You should keep in mind that random forests, by their nature, are random, and setting different random states (or not setting the random_state at all) can drastically change the model that is built. The more trees there are in the forest, the more robust it will be against the choice of random state. If you want to have reproducible results, it is important to fix the random_state.

Random forests don’t tend to perform well on very high dimensional, sparse data, such as text data. For this kind of data, linear models might be more appropriate. Random forests usually work well even on very large datasets, and training can easily be parallelized over many CPU cores within a powerful computer. However, random forests require more memory and are slower to train and to predict than linear models.
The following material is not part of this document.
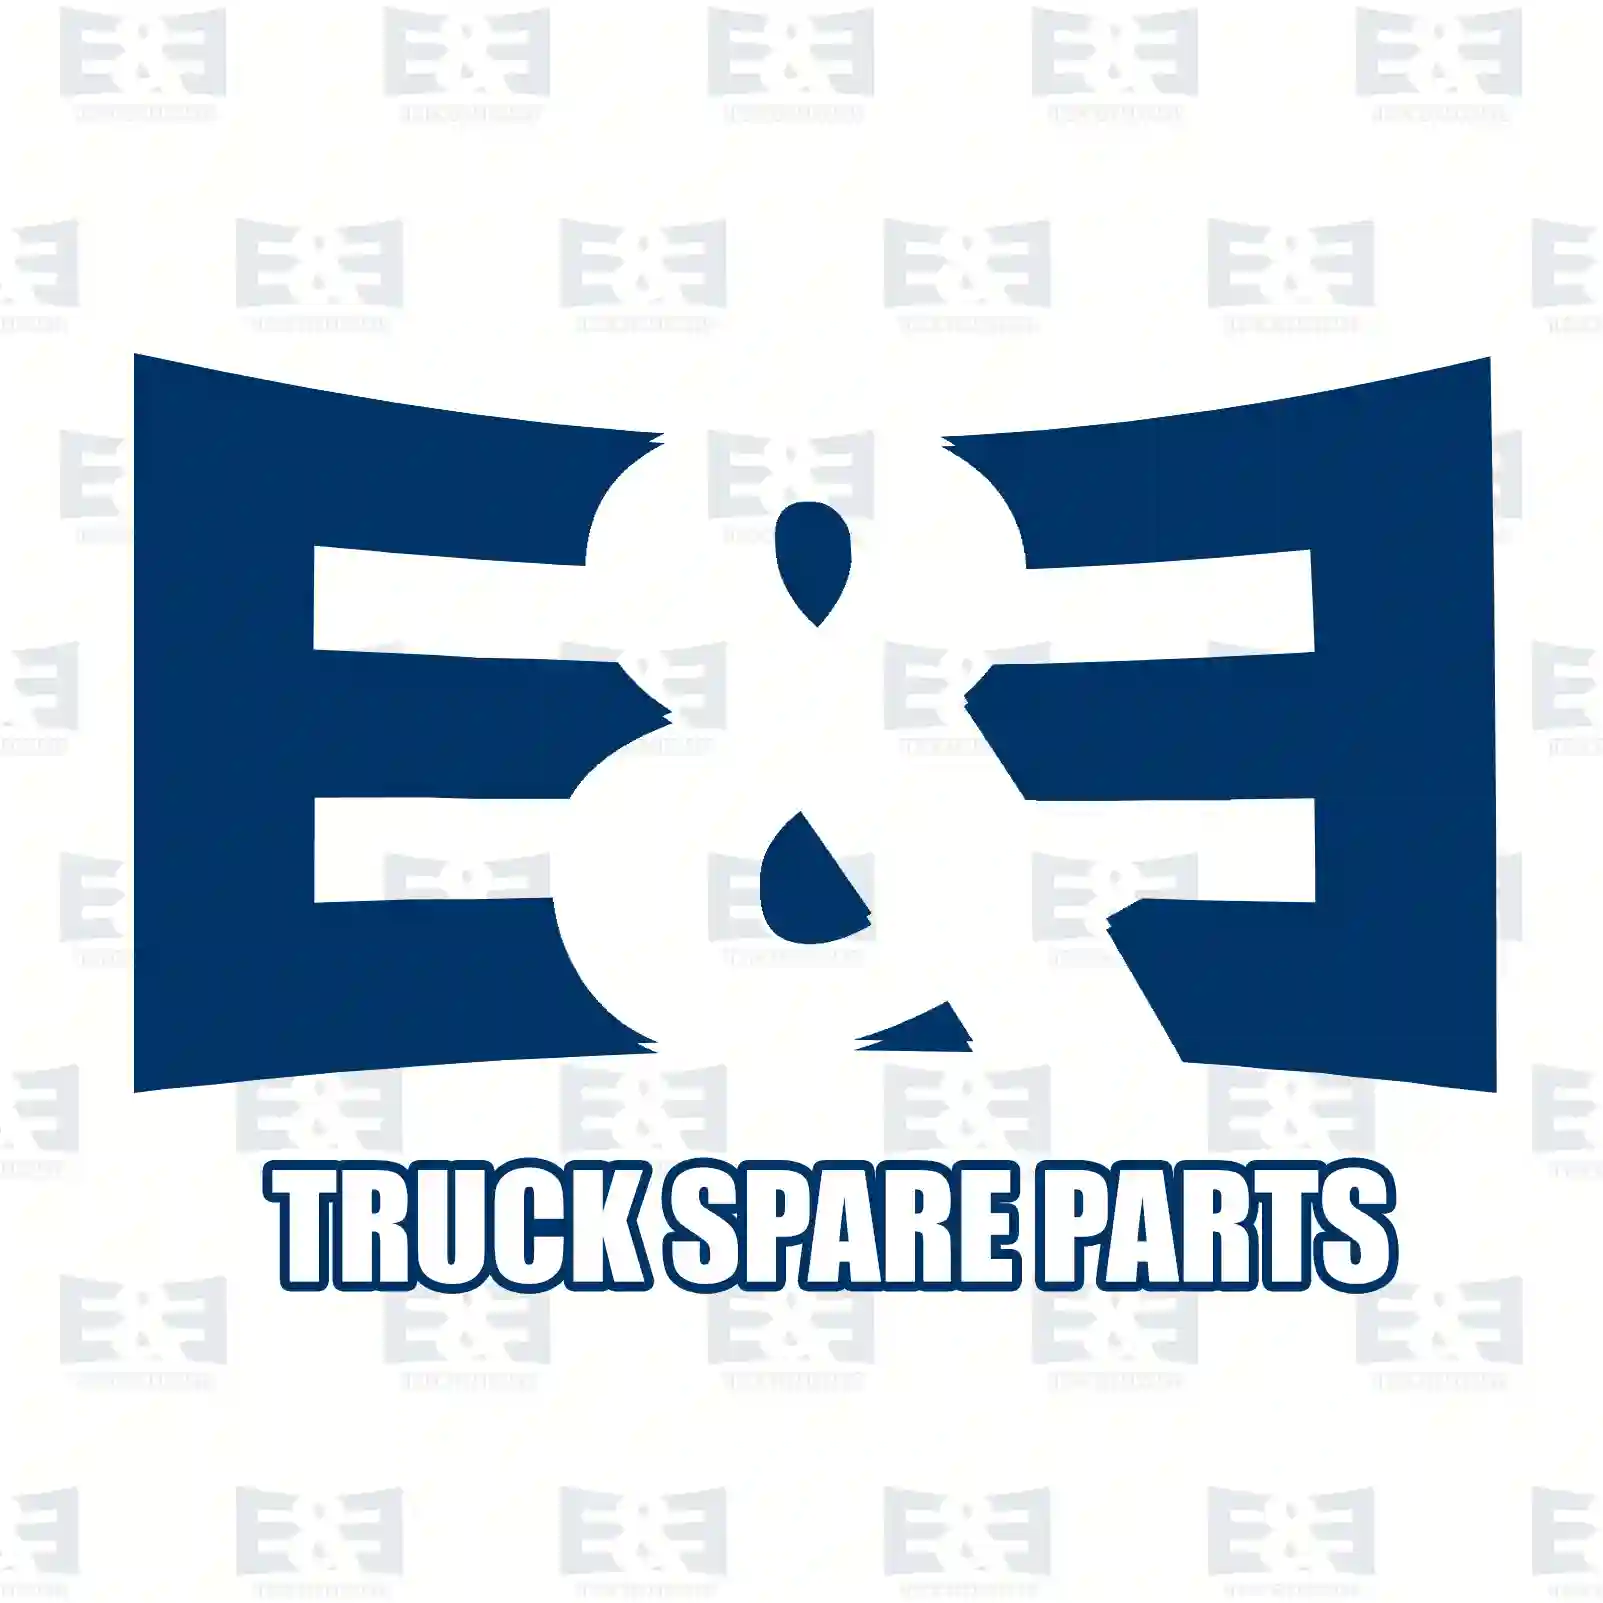 Turn signal lamp, right, 2E2298060, 9678201221, ZG21214-0008 ||  2E2298060 E&E Truck Spare Parts | Truck Spare Parts, Auotomotive Spare Parts Turn signal lamp, right, 2E2298060, 9678201221, ZG21214-0008 ||  2E2298060 E&E Truck Spare Parts | Truck Spare Parts, Auotomotive Spare Parts
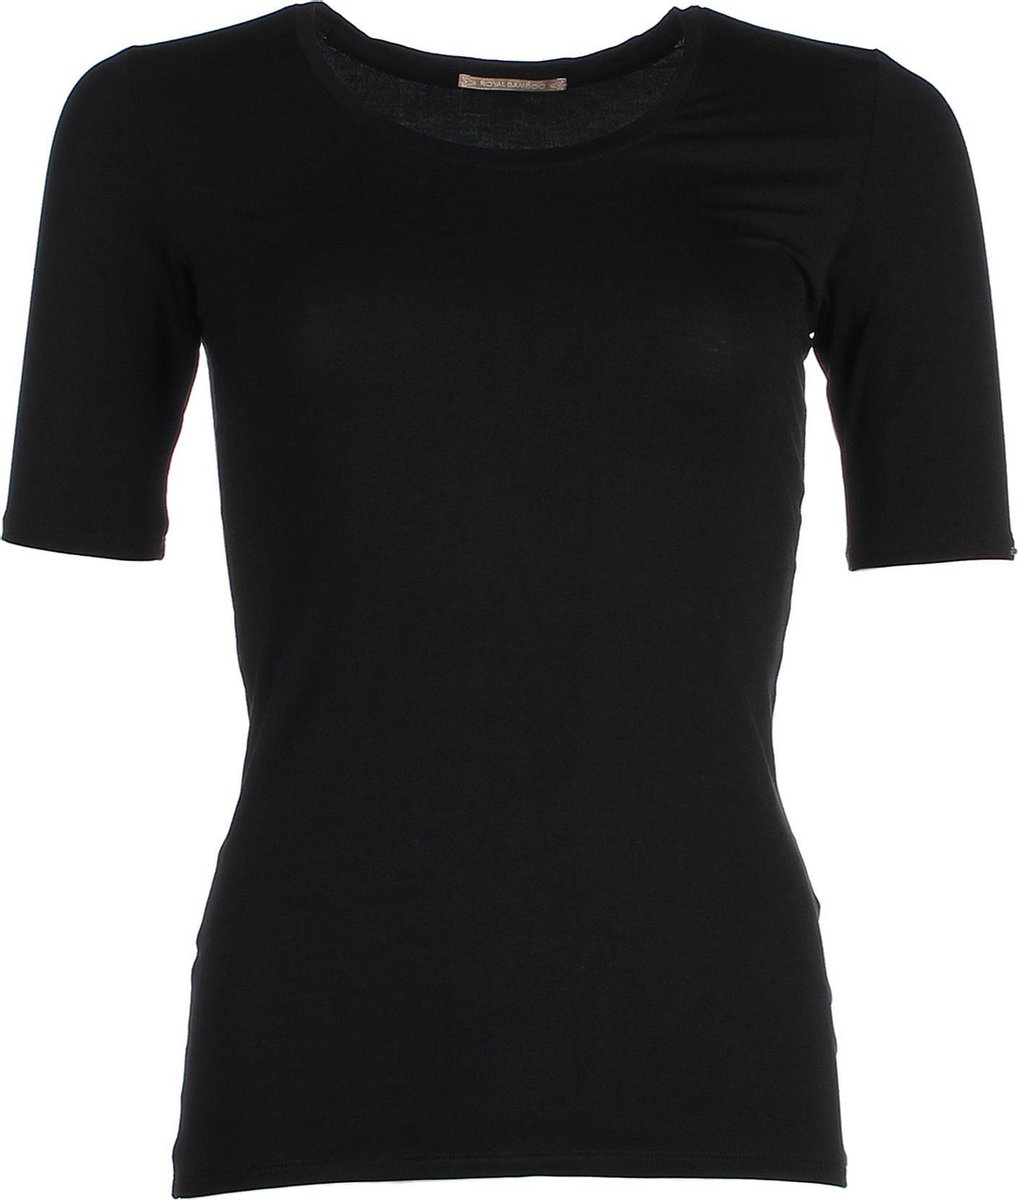 The Original Shortsleeve Shirt - Black - XLarge - bamboe kleding dames

If time and memory are important in an application, it might make sense to use a linear model instead.

The important parameters to adjust are n_estimators, max_features, and possibly pre-pruning options like max_depth. For n_estimators, larger is always better. Averaging more trees will yield a more robust ensemble by reducing overfitting. However, there are diminishing returns, and more trees need more memory and more time to train. A common rule of thumb is to build “as many as you have time/memory for”.

As described earlier, max_features determines how random each tree is, and a smaller max_features reduces overfitting. In general, it’s a good rule of thumb to use the default values: \(max\_features=\sqrt{n\_features}\) for classification and \(max\_features=log_2(n\_features)\) for regression. Adding max_features or max_leaf_nodes might sometimes improve performance. It can also drastically reduce space and time requirements for training and prediction.